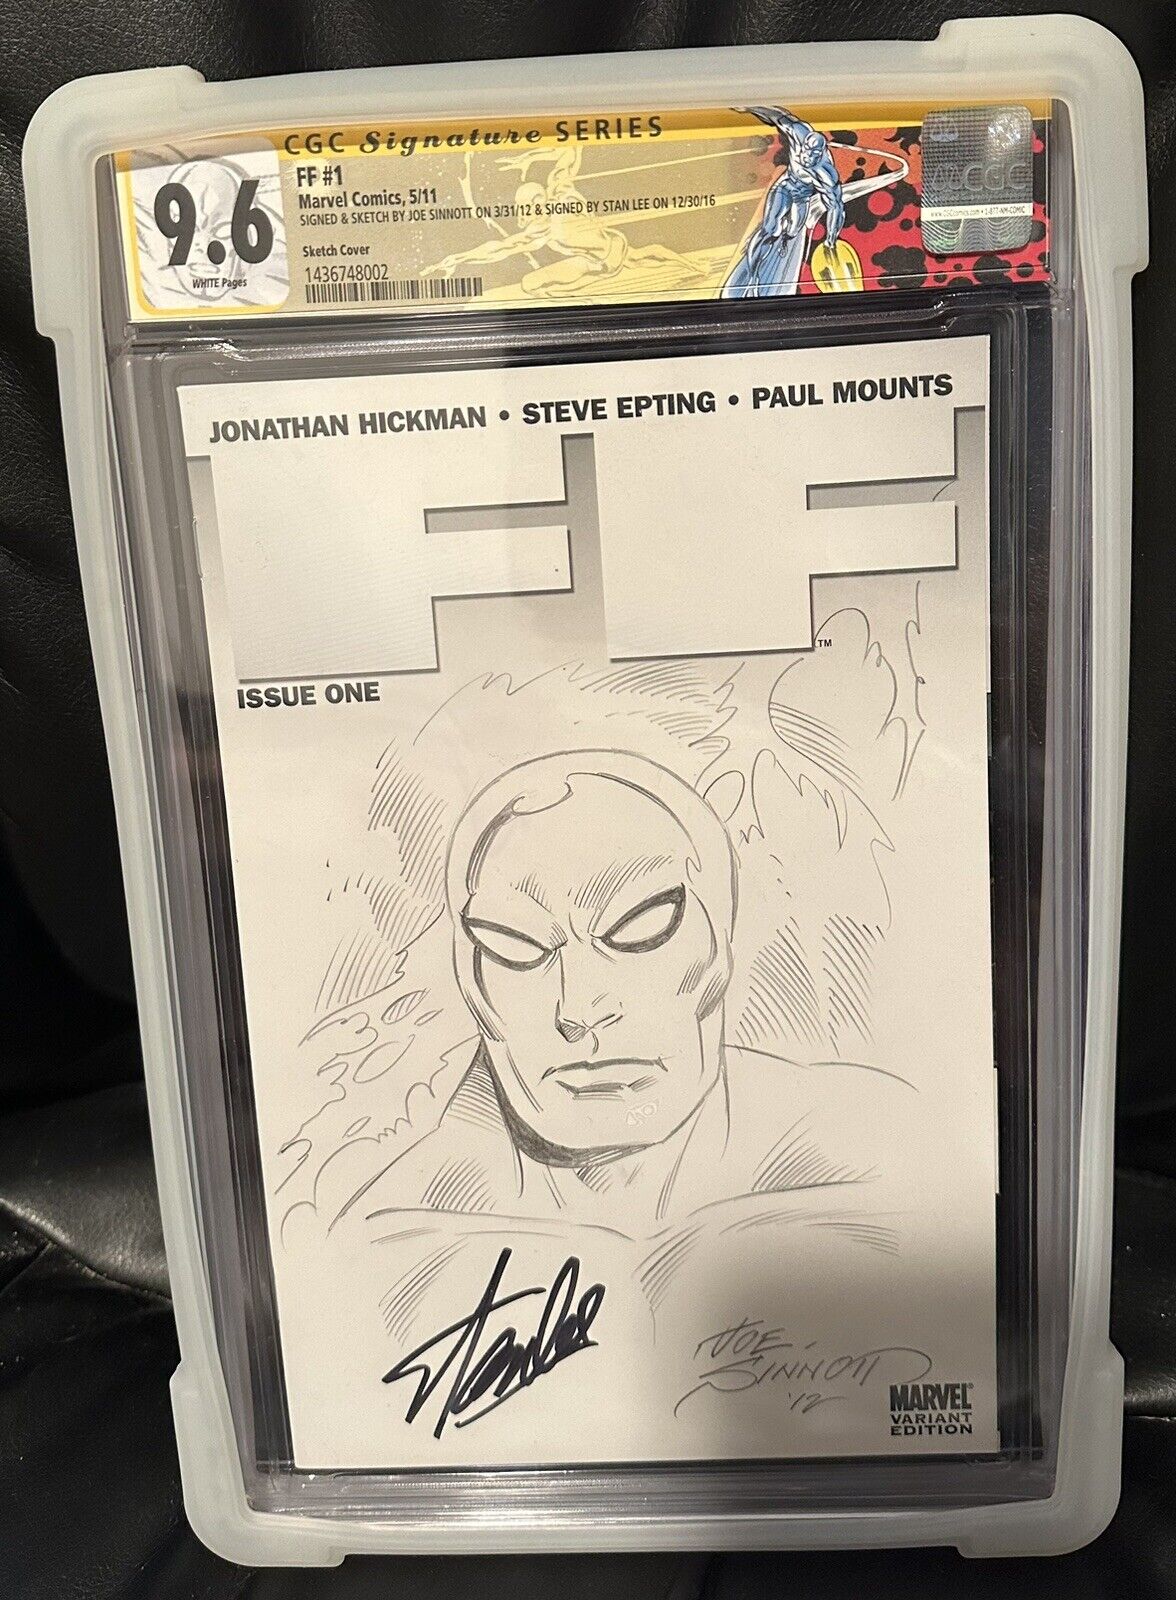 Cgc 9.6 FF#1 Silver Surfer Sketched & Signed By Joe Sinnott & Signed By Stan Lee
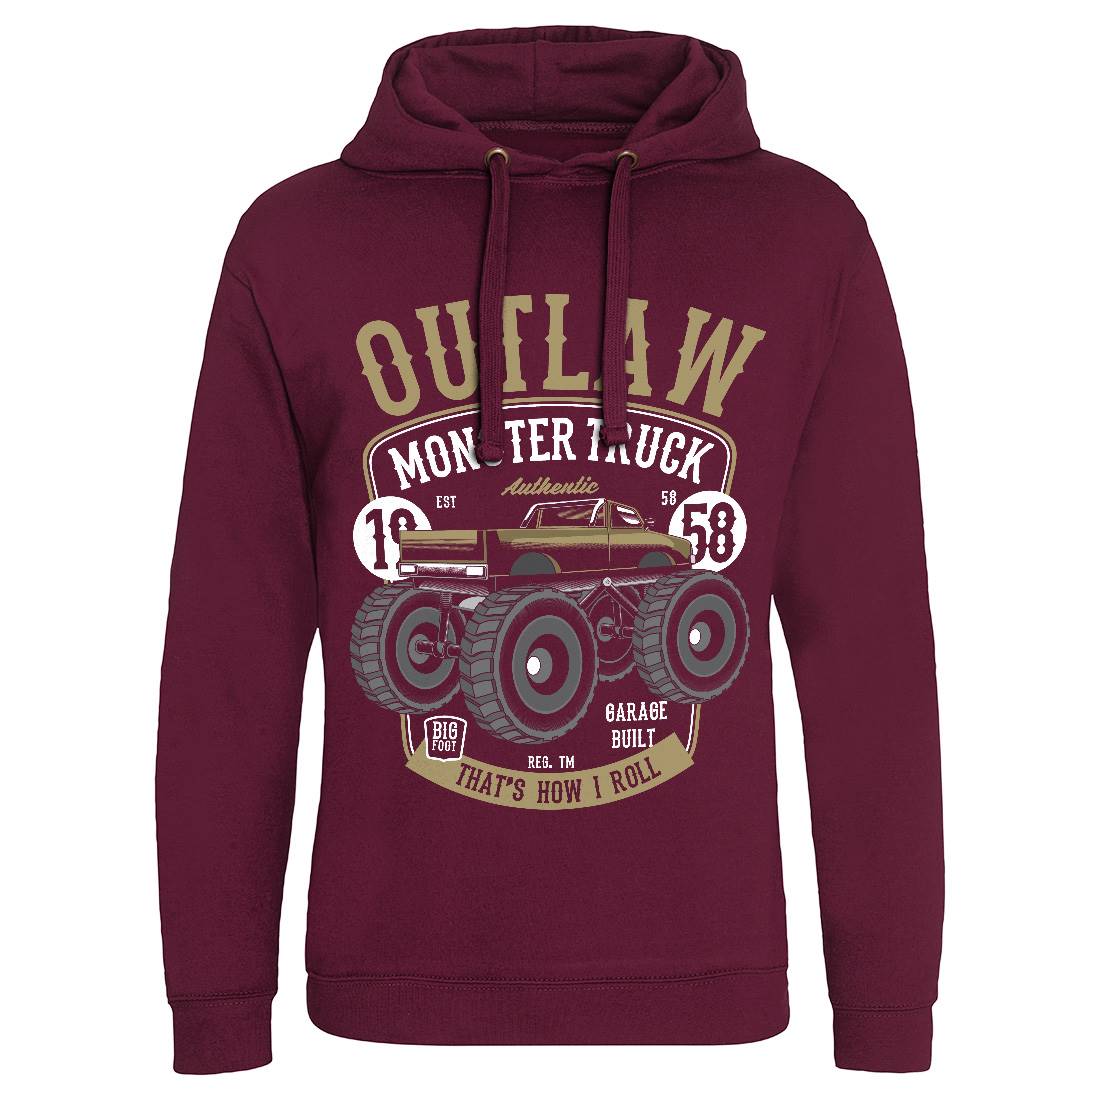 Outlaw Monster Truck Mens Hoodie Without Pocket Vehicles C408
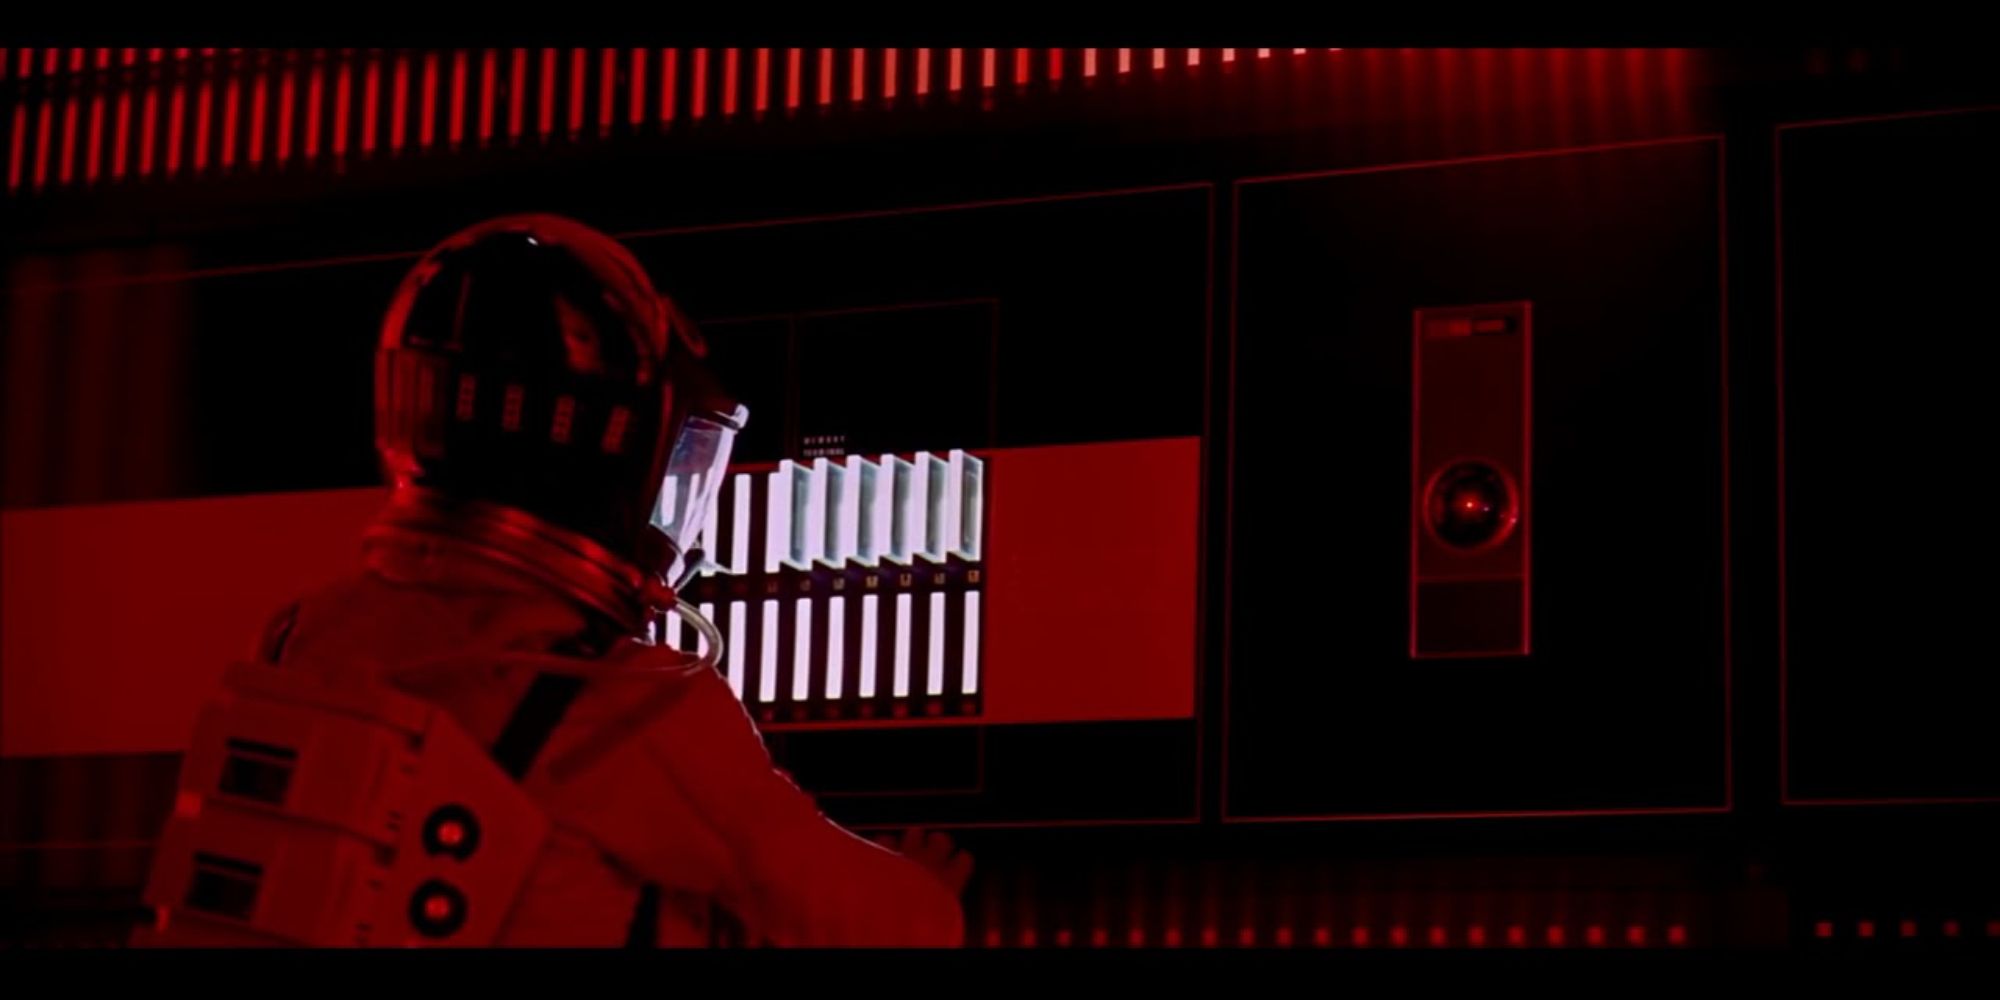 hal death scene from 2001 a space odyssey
****************
The answer must repeat every line of the listing exactly and leave the pictures out.

> **TASK OUTPUT**:
 Cgc 9.6 FF#1 Silver Surfer Sketched & Signed By Joe Sinnott & Signed By Stan Lee
 Outlaw Monster Truck Mens Hoodie Without Pocket Vehicles C408
 hal death scene from 2001 a space odyssey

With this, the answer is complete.